Area = 1/2 × p × q To find the area of a kite or a rhombus, where 'p' and 'q' are the lengths of the two diagonals. This is often faster than using base times height.
Definitions
- Parallelogram
- A quadrilateral with two pairs of parallel sides. Key consequences: opposite sides are equal, and opposite angles are equal.
- Trapezium
- A quadrilateral with exactly one pair of parallel sides.
- Kite
- A quadrilateral with two distinct pairs of equal-length adjacent sides.
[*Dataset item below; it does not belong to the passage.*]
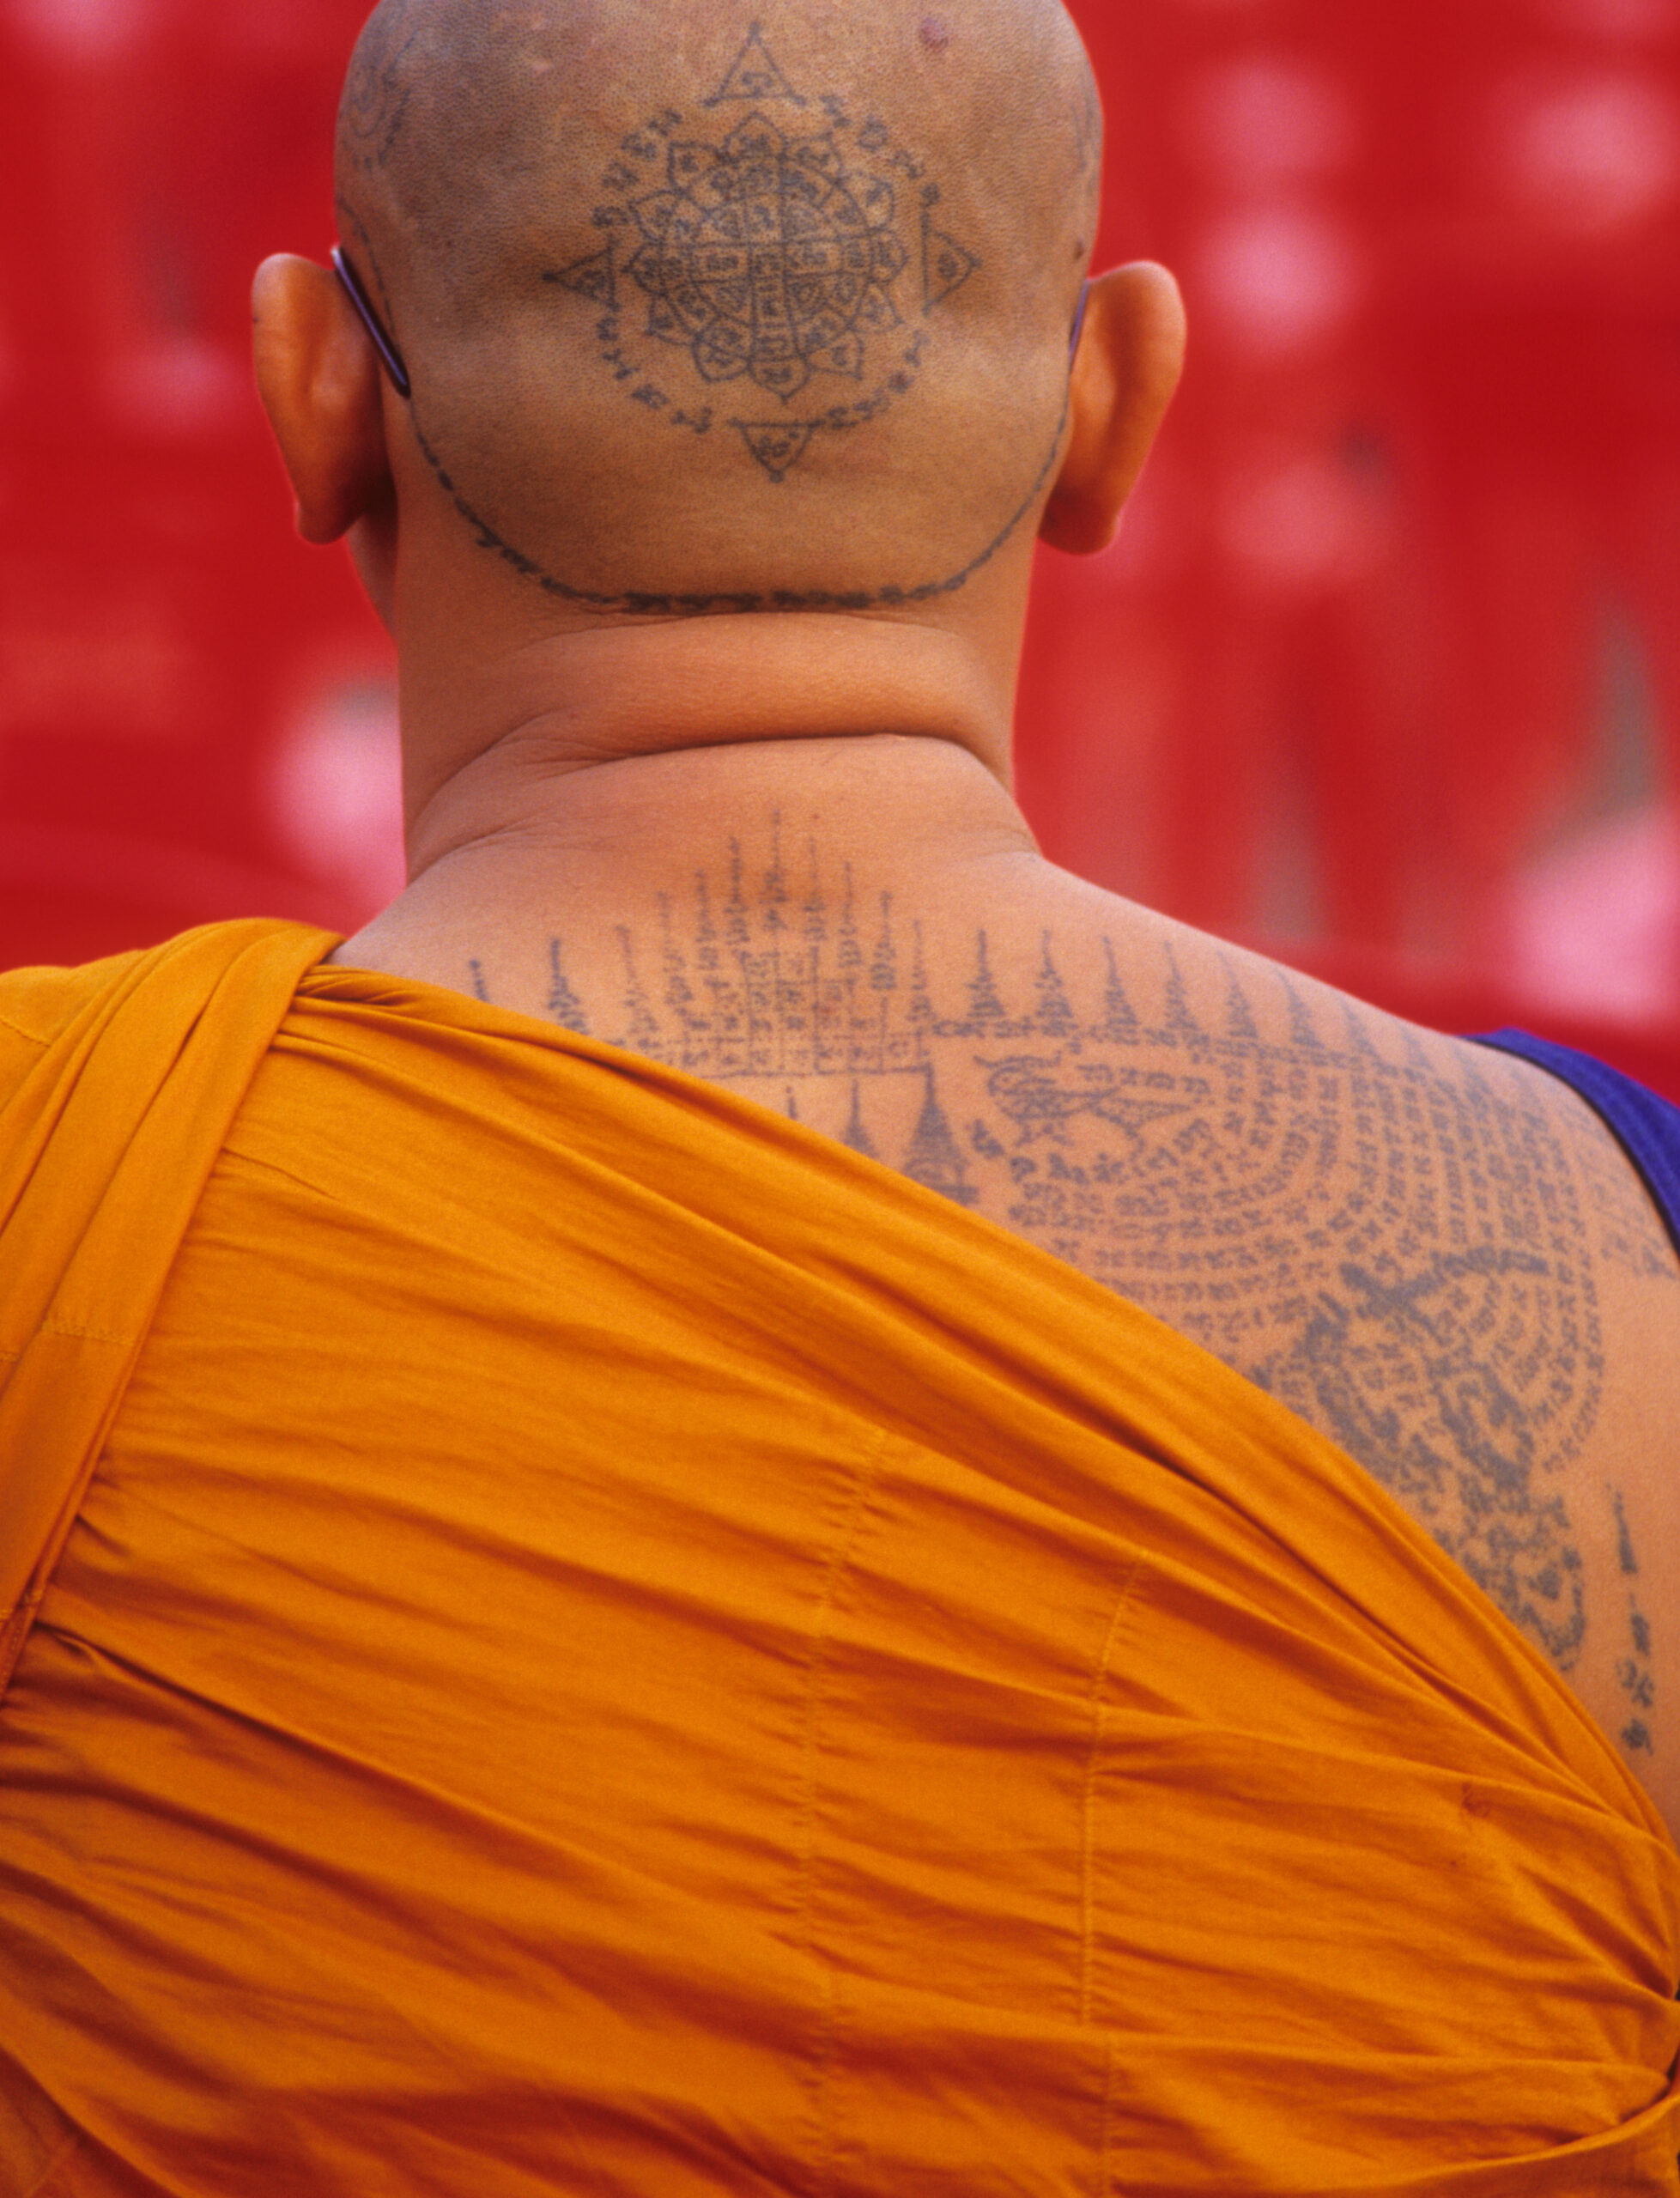 Magic tattoos in Wat Bang Phra, Nakhon Pathom

Key consequences: one pair of opposite angles are equal, and diagonals are perpendicular.
- Rhombus
- A parallelogram where all four sides are equal length. Key consequences: diagonals bisect each other at 90° and also bisect the corner angles.
Worked example
A quadrilateral PQRS is formed by joining two identical isosceles triangles, PQR and PSR, along their common base PR. If angle PQR is 100°, what is the name of the quadrilateral and the size of angle QPS?
- 1
Identify the properties of the triangles.
PQR is isosceles, so PQ = QR.
PSR is identical, so PS = SR.
The common base is PR.
- 2
Combine the properties for the quadrilateral.
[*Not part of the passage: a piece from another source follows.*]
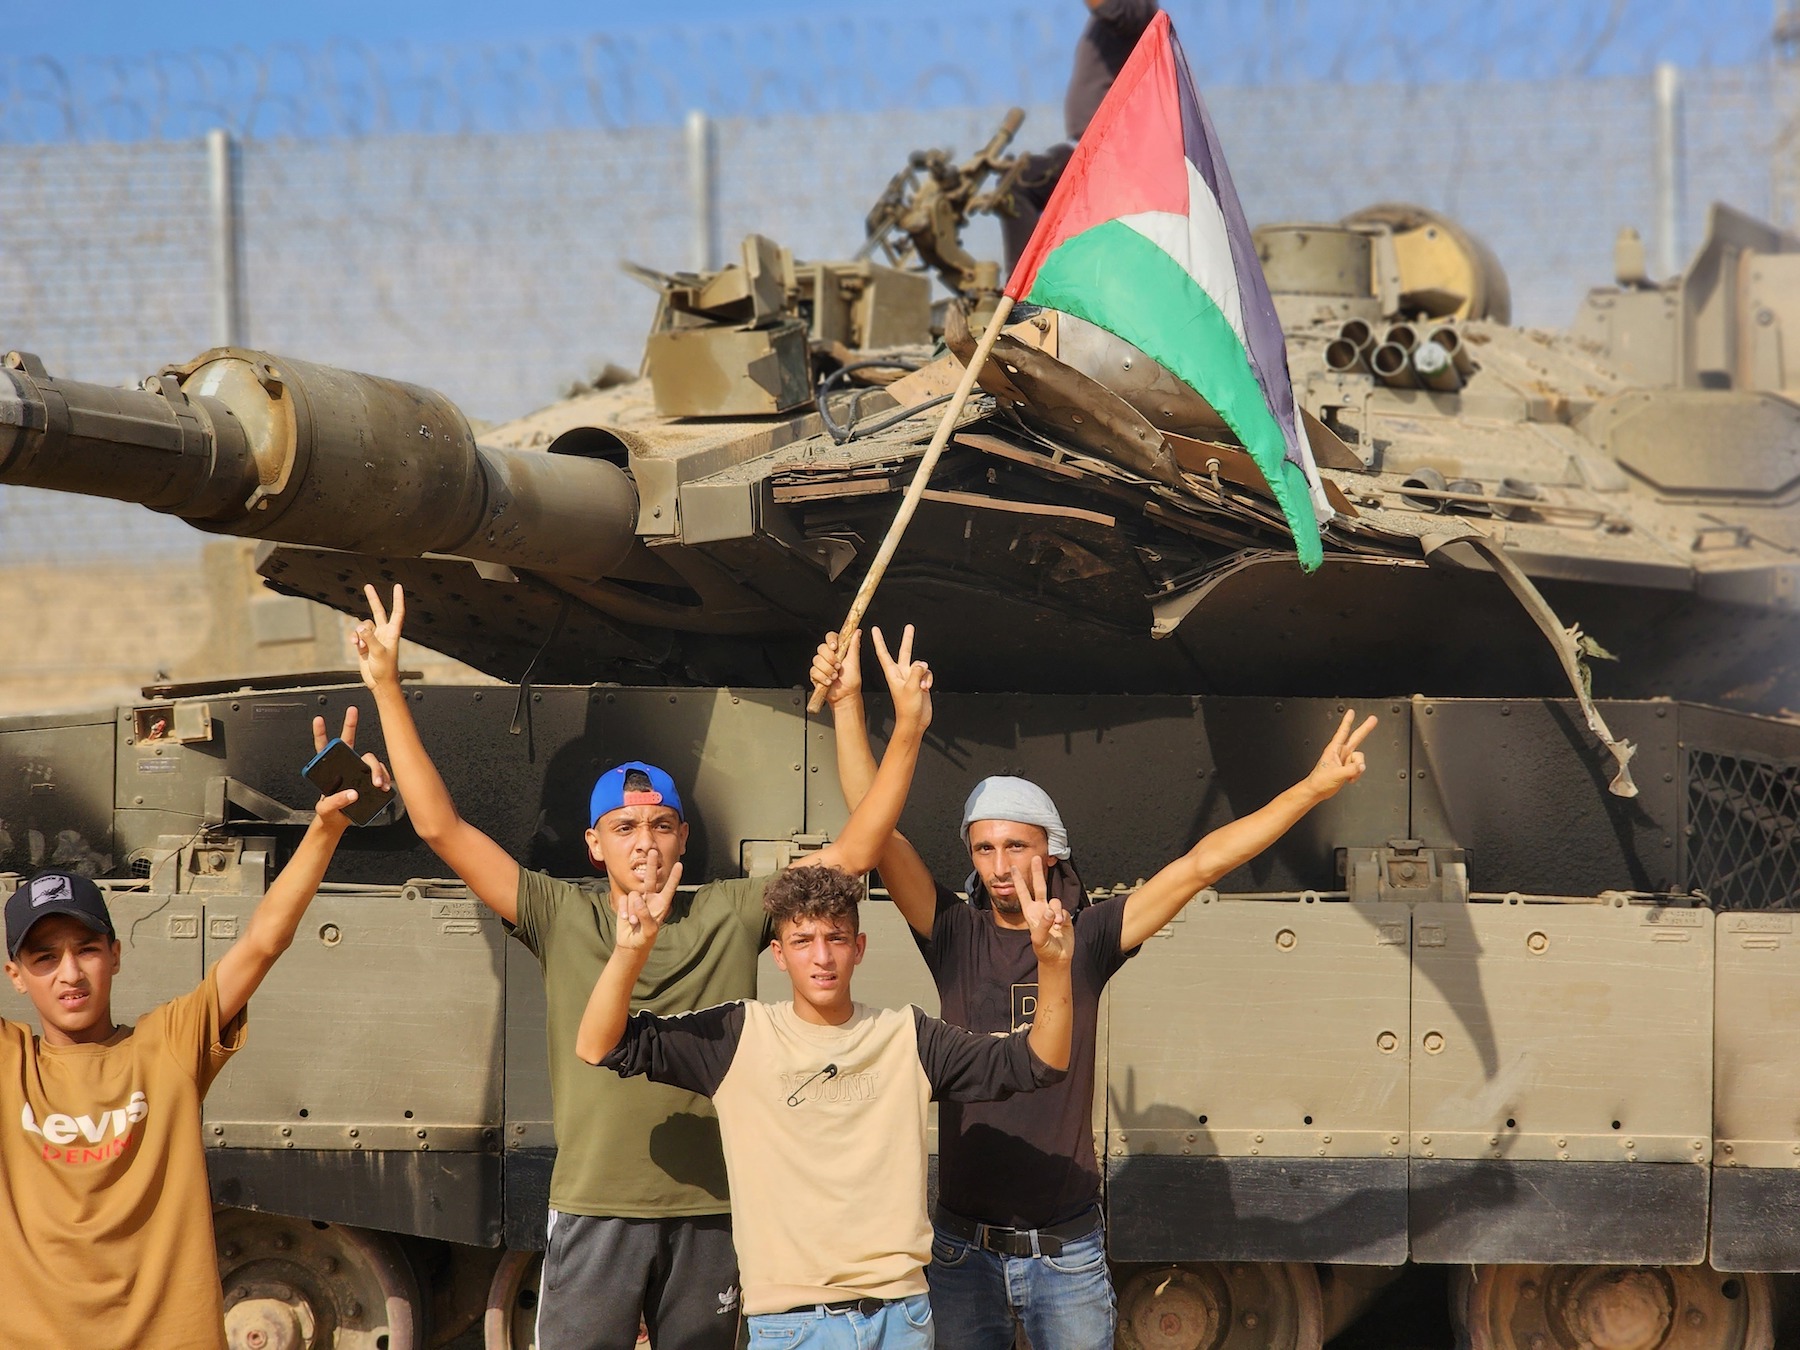 Hamas Izz ad Din al Qassam Brigades

We have PQ = QR and PS = SRThis fits the definition of a kite, which has two pairs of equal-length adjacent sides.
- 3
Analyse the angles.
In triangle PQR, the base angles are QPR and QRP.
Since the angles in a triangle sum to 180°, angle QPR + angle QRP + 100° = 180°.
So, 2 × angle QPR = 80°, which means angle QPR = 40°.
- 4
Since triangle PSR is identical to PQR, angle SPR is also 40°.
- 5
The total angle QPS is the sum of angles QPR and SPR.
- 6
Calculate the final angle:
Angle QPS = 40° + 40° = 80°
Answer: The quadrilateral is a kite, and angle QPS is 80°.
Common mistakes
- ×Forgetting a shape's full set of properties. For example, knowing a rhombus has equal sides but forgetting that its diagonals bisect the angles, which is often the key to solving a problem.
- ×Incorrectly applying properties to more general shapes. A common mistake is assuming a general parallelogram has perpendicular diagonals; this is only true for a rhombus or a square.
- ×Confusing a kite with a parallelogram. A kite has equal *adjacent* sides, whereas a parallelogram has equal *opposite* sides.
No-calculator tips
- ✓Always draw a quick sketch. Visualising the geometry helps you see which angles should be acute or obtuse and which lines are longer, preventing simple calculation errors.
- ✓Deconstruct shapes into right-angled triangles. Diagonals of kites, rhombuses, and rectangles often form right-angled triangles, allowing you to use basic geometric rules without needing a calculator.
- ✓Use the 360° sum for quadrilaterals. If you know three angles, you can always find the fourth. For parallelograms, just remember any two adjacent angles sum to 180°.